From its opening bar, “PTSD” feels like the album’s emotional core turned up. The tempo is steady but heavy , not too fast, not too slow and giving space for Ortiz’s words to weigh. You can sense the internal tug-of-war, where each line lands with tension, like someone trying to steady their breathing in a moment of panic. The production around him is sparse enough to leave room for breath, yet maintains enough pressure and subtle percussion, ominous undertones to remind you of the weight he’s carrying.
Lyrically, there’s a raw confession here, references to internal scars, to reflections that border on obsession, to repeat loops of memory. But he doesn’t linger in victimhood. There’s agency in his framing. He’s not just reporting his trauma , he’s interrogating it, wrestling it. The tension between vulnerability and control is the song’s central thread, and Ortiz walks it skillfully.
2- “Makin It By”
This track pivots the mood. The tempo picks up, the beat feels more determined, almost defiant, as if saying: “I’m here, and I will survive.” It’s a hustler’s anthem, but not in the shallow “money flex” sense. Here, “making it by” becomes a moral and emotional measure making it by without losing your sense of self. You can hear the strain in his delivery, but also glimpses of triumph.
Musically, the production balances momentum and space. There’s force behind the drums, but also breaks and openings for Ortiz to breathe, to drop lines you can replay in your mind. The contrast between the beat’s forward drive and his reflective refrains gives the song a push/pull energy. It’s a standout in that it feels both accessible and intimate.
3-
“The Yaowa”
This track leans into swagger without losing substance. The tempo is gonna make you move and there’s bounce, there’s groove, but the vibe has grit. Ortiz adopts a sharper cadence, more bravado, more edge. It’s almost cinematic: you can picture the characters, the scenes implied in his lines.
Lyrically, it’s a combination of street realism, pride, defiance, maybe even warning. He seems to be in command here, asserting identity, status, respect, but never in a vacuum. His lines hint at conflict, respect earned, challenges faced. Because the beat is lively, the risk is that words can get swallowed, but Ortiz punches through. He rides the rhythm but doesn’t let the rhythm ride him.
4- “Smile”
This is the moment the album leans into tenderness.
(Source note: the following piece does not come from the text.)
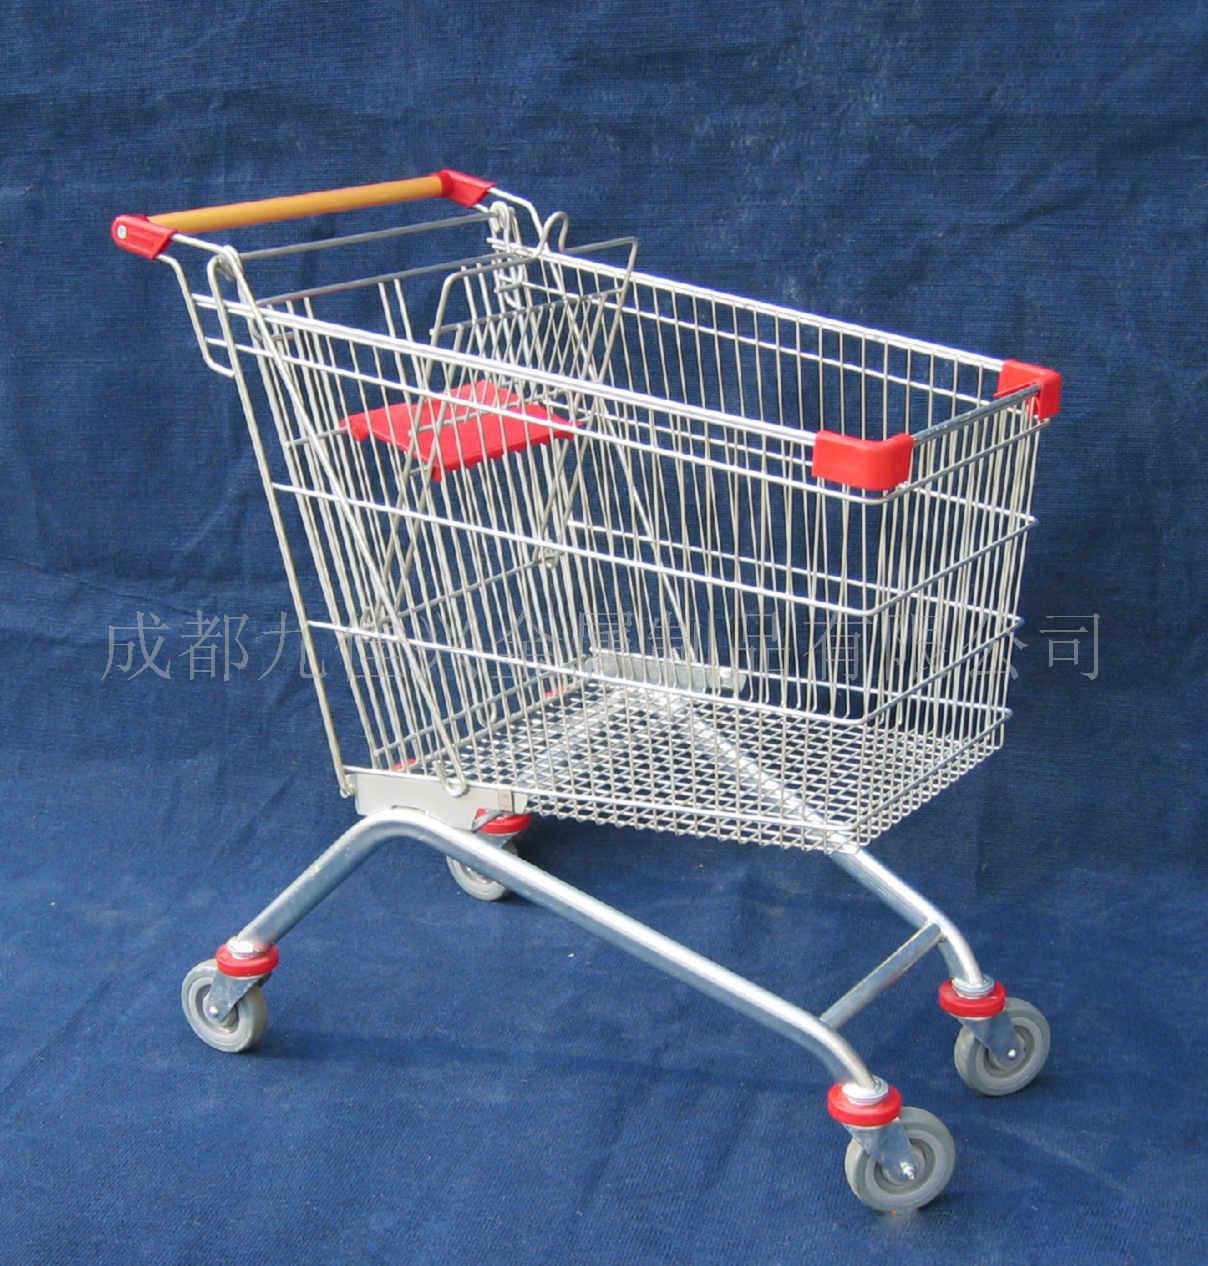 超市手推车购物车及超市配套设备

The tempo drops and the beat softens. It’s quieter, more spacious. The track gives Ortiz room to breathe, to rest, to show face with wounds, hopes, regrets all in the open. You feel like he’s speaking softly into a broken mirror.
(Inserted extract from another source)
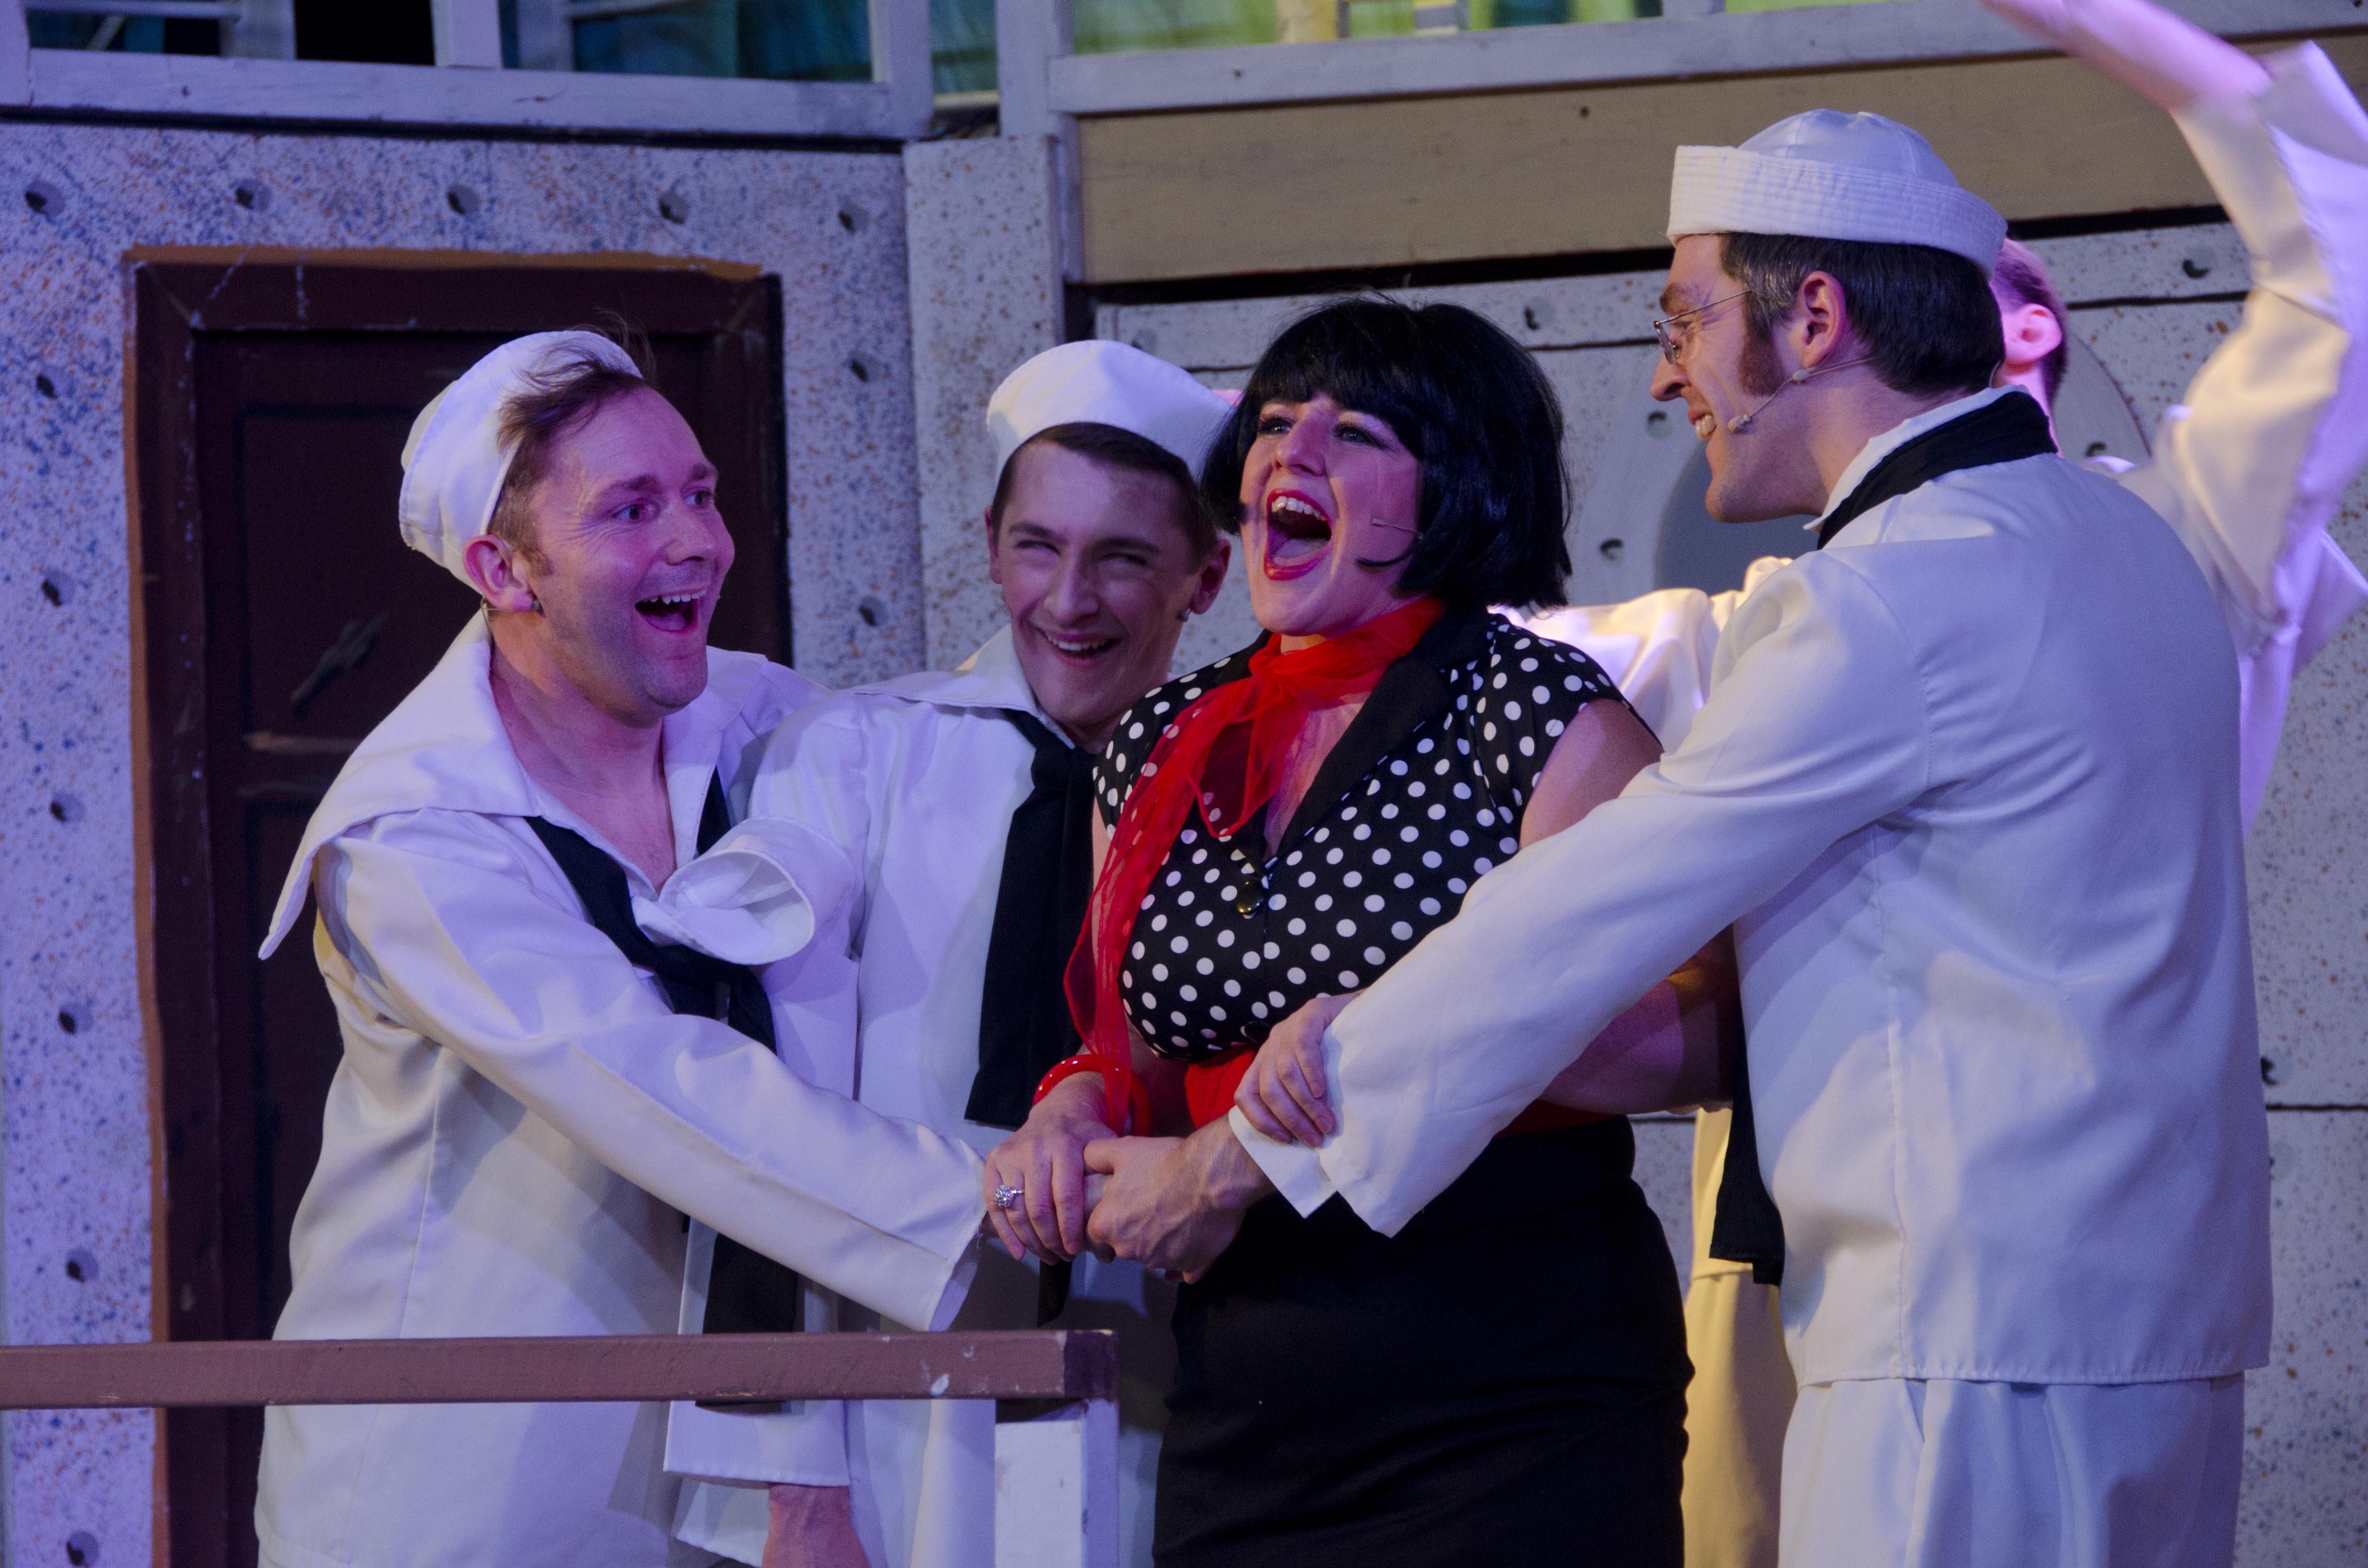 Erma & sailors

Lyrically, “Smile” wrestles more with hope than with pain. It acknowledges damage, but also the attempt to heal, to find moments that break through the darkness. It’s less combative, more open-handed. The contrast against “PTSD” is striking: if “PTSD” locks you in the storm, “Smile” offers a doorway out or at least a window.
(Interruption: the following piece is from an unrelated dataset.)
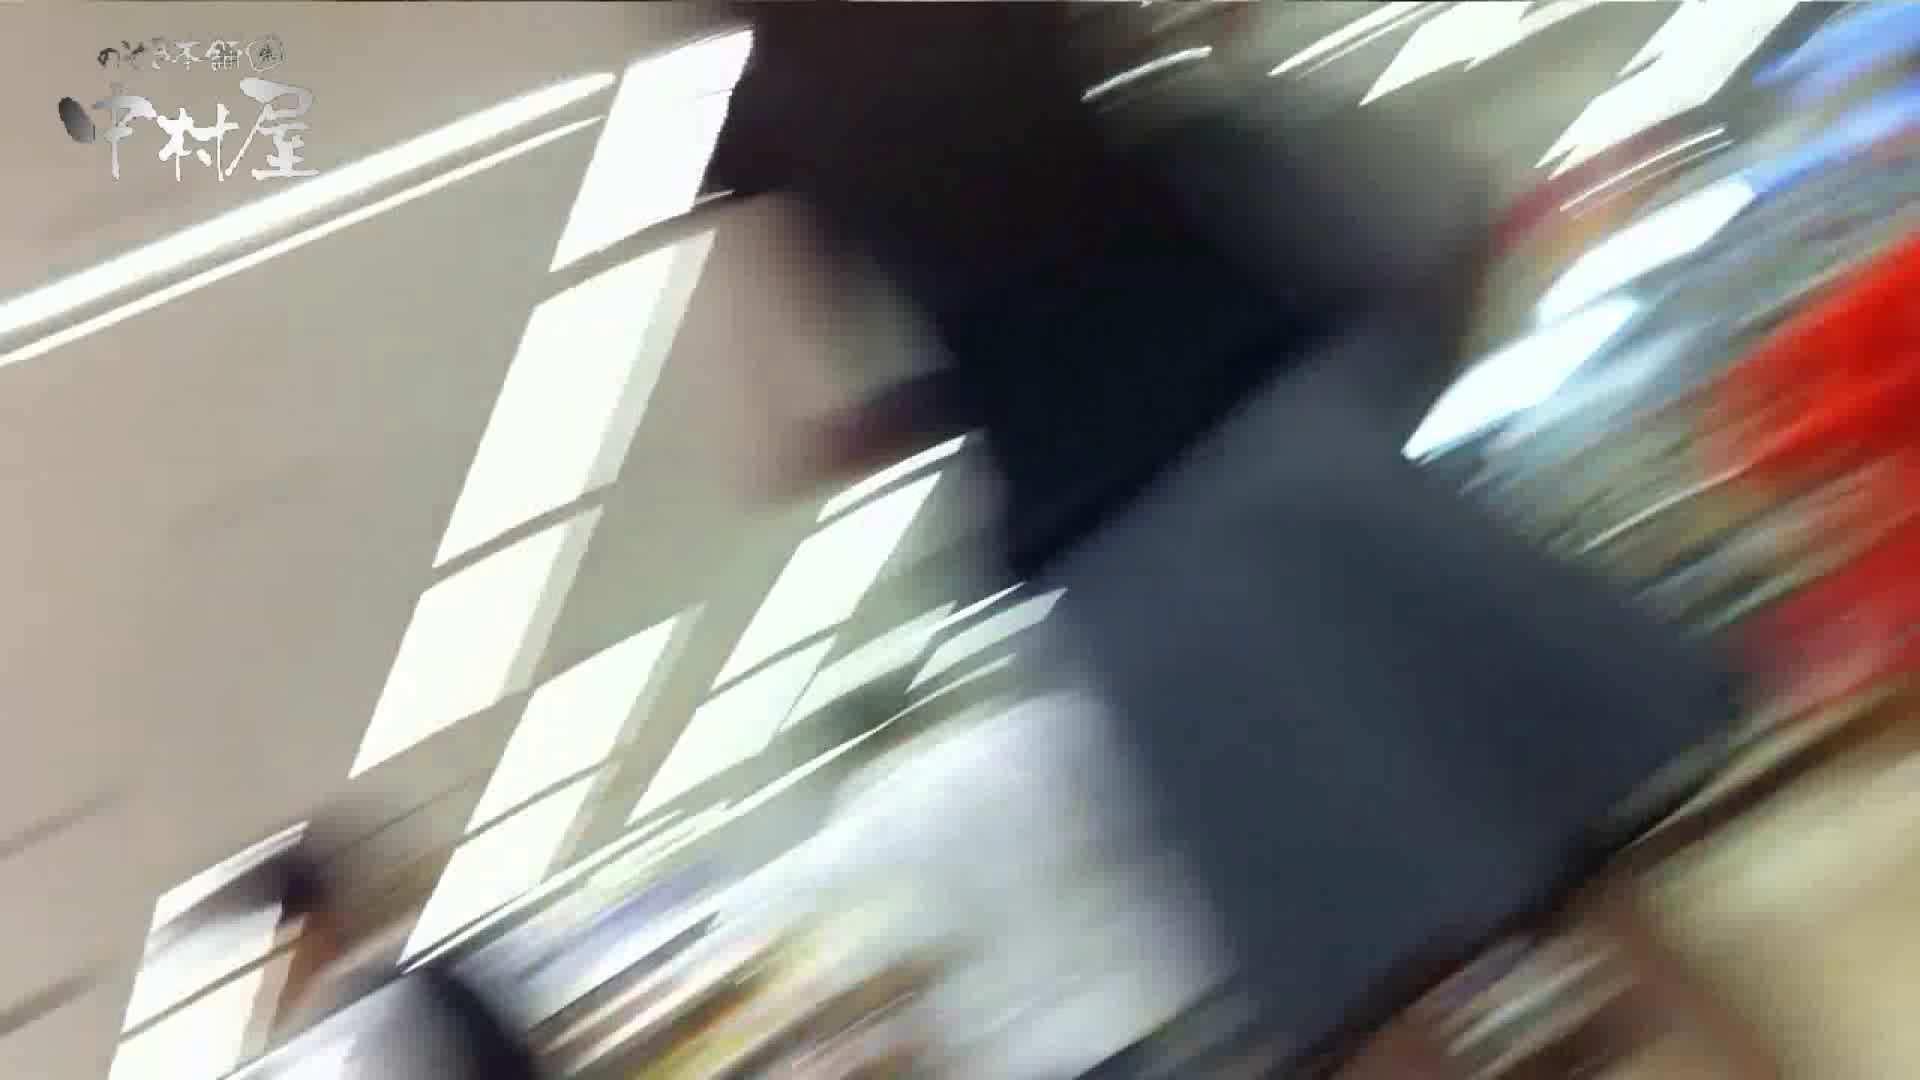 vol.46 可愛いカリスマ店員胸チラ&パンチラ モリマン! チラ 覗きスケベ動画紹介 76画像 47

The production is gentle, but it doesn’t feel passive. Subtle instrumentation, quiet textures, layered harmonies in the backdrop , with that Rene & Angela sample, they all serve to hold Ortiz’s voice so it doesn’t feel lonely. You may catch yourself leaning in, listening to small cadences, pauses, inflections.
Through 13 tracks , including these four tracks, Ortiz maps a trajectory, from storm, to hustle, to assertion, to fragile hope. He doesn’t shy away from darkness, and he doesn’t offer false sunshine. Instead, he lets shadows and light co-exist. One consistent strength is his command of space and he doesn’t overpack the instrumentals, so you hear every syllable; the beat and voice converse rather than compete.
If there’s a slight tension, it’s that in tracks like “The Yaowa,” the force of swagger risks overshadowing nuance. But even then, Ortiz’s precision in timing, syllable, emotional inflection keeps things anchored.
“Love, Peace & Trauma” through these songs feels less like a show and more like an internal dispatch. It’s not always comfortable, but it’s compelling.